Она слабо улыбнулась и прошептала:
— А кто такой котенок?
— Котенок? — переспросил я, не веря, что ее может сейчас интересовать такая мелочь. — Котенок, это маленькая кошка, — пояснил я, — кошкин ребенок.
— А-а, — кивнула она, — понятно. Ты не волнуйся, я крепкая. Вот немного отдохну, и мы пойдем. Жжет очень, — сморщившись добавила она, — как железом…
И тут меня словно осенило. Уж как сложилась эта логическая цепочка, я в тот момент не понял, да и раздумывать было некогда, но слово «железо» тут же натолкнуло меня на слово «магнит». Слово «магнит» — на слово «компас». А компас вполне мог быть у подстреленного мной американца. В катапультируемые кресла им вкладывали кучу всяческих вещей, совершенно необходимых при аварийной посадке. Когда я выбежал на полянку, американец стоял на коленях, собравшись этакой гармошкой. Головой он упирался в землю и время от времени издавал глухие, протяжные стоны.
Я был так на него зол, что просто руки чесались пристрелить этого гада немедленно. Но в пистолете моем оставался только один патрон, и только этот факт удерживал меня от немедленной расправы над поверженным врагом. Но поскольку душа моя горела праведным гневом, то я, не имея возможности как-то по-иному выразить свою ненависть, изо всех сил пнул его ногой в бок. Пилот с глухим кашлем завалился на бок и, кое-как прокашлявшись, простонал:
— Why? For what? (За что?).
— Ах ты… не понимаешь? — восклицаю я, разом вспомнив весь курс английского языка в объеме школьной программы. — Ты зачем, мерзавец, в девушку стрелял?
— Я в вас стрелял, — хрипит он в ответ, — а в нее попал случайно. Я не хотел ее убивать.
— Еще бы ты, поганец, ее убил, — срываюсь я на русский матерный, — я бы тебя, засранца этакого, голыми руками задушил бы.

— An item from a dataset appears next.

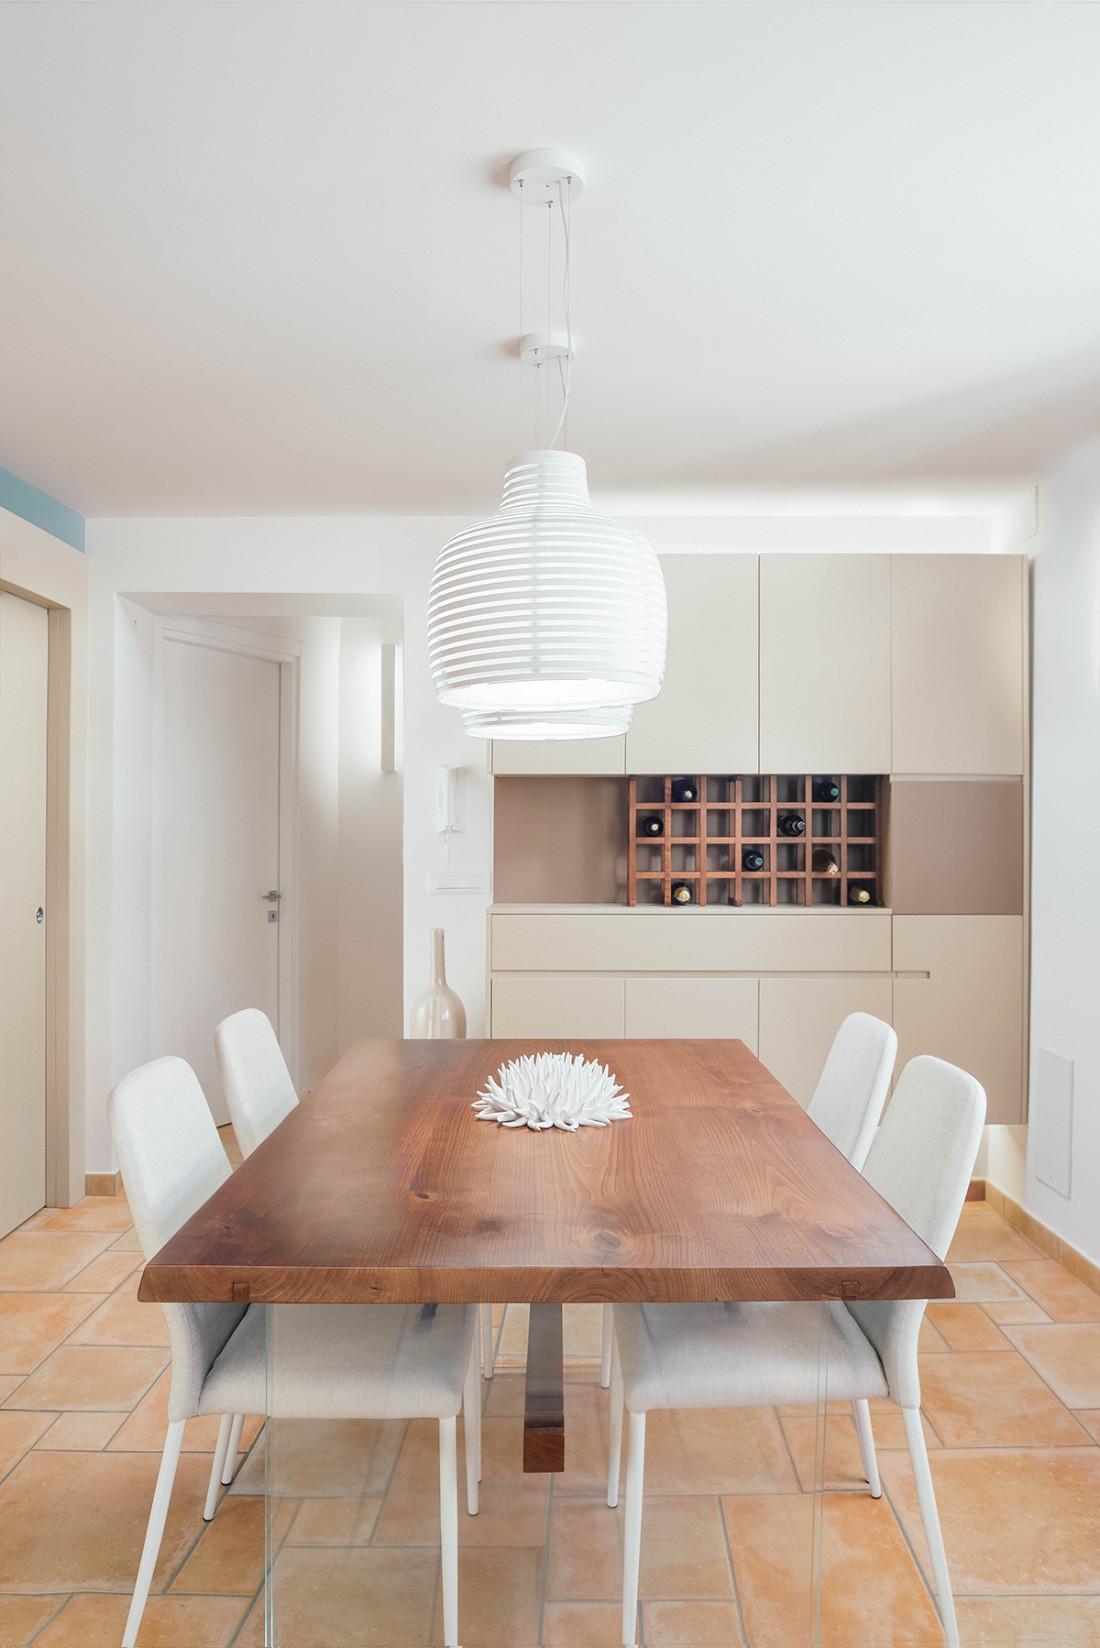 Casa_A+M. Zona Pranzo. Manuarino Architettura. Appartamento a Monte di Procida, Napoli. tavolo, design, progettazione, architettura, Falegnameria, cantina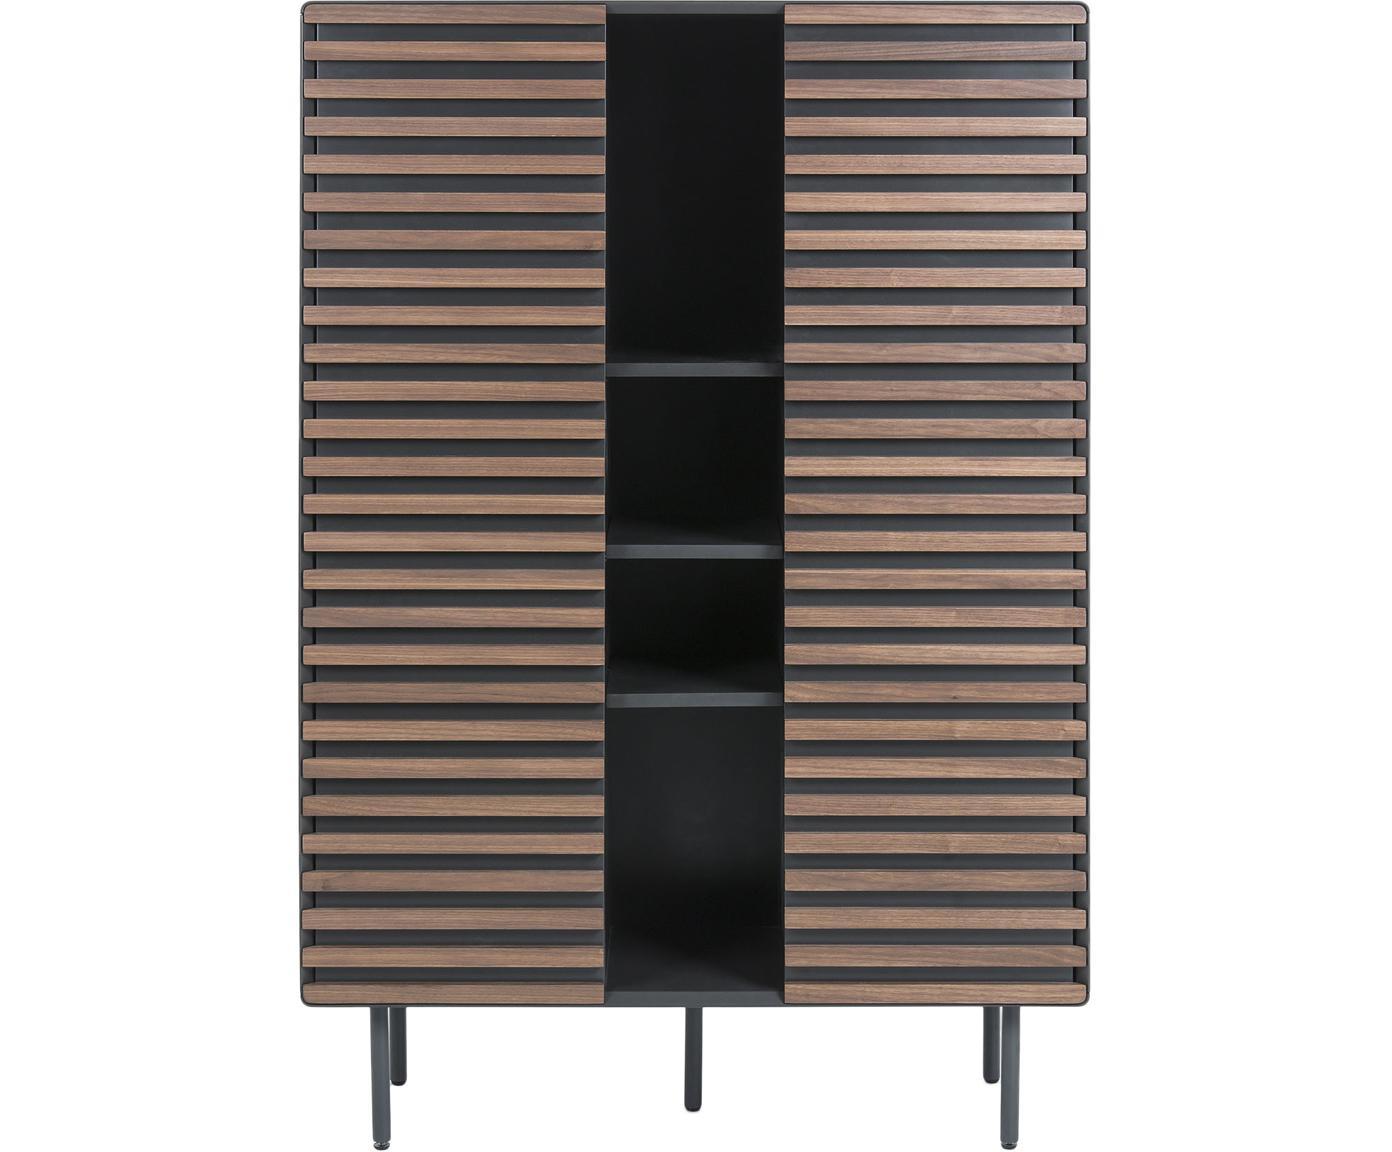 Wysoka komoda Kesia, Korpus: płyta pilśniowa średniej , Nogi: metal lakierowany, Czarny, drewno orzecha włoskiego, S 105 x W 155 cm

Я еще раз пинаю его неподвижное тело и приступаю к обыску. Грязный носовой платок, расческа, пустая обойма от кольта, все летит в сторону. Ага, вот и компас! Прячу бесценную находку в нагрудный карман и тщательно застегиваю его на пуговицу. Попутно обнаруживаю пачку вскрытого печенья и тоже изымаю ее в качестве законного трофея. Перочинный нож и зажигалку «Ронсон» рассовываю по карманам, даже не рассматривая. Не столько на память, сколько как жизненно важный резерв для выживания. Поняв, что я сейчас брошу его здесь на съедение местным хищникам, летчик перестает стонать и что-то бормочет о какой-то Женевской конвенции. Ни о каких таких конвенциях нам в полковой школе не рассказывали, и поэтому я с легкой душой пропускаю его слова мимо ушей.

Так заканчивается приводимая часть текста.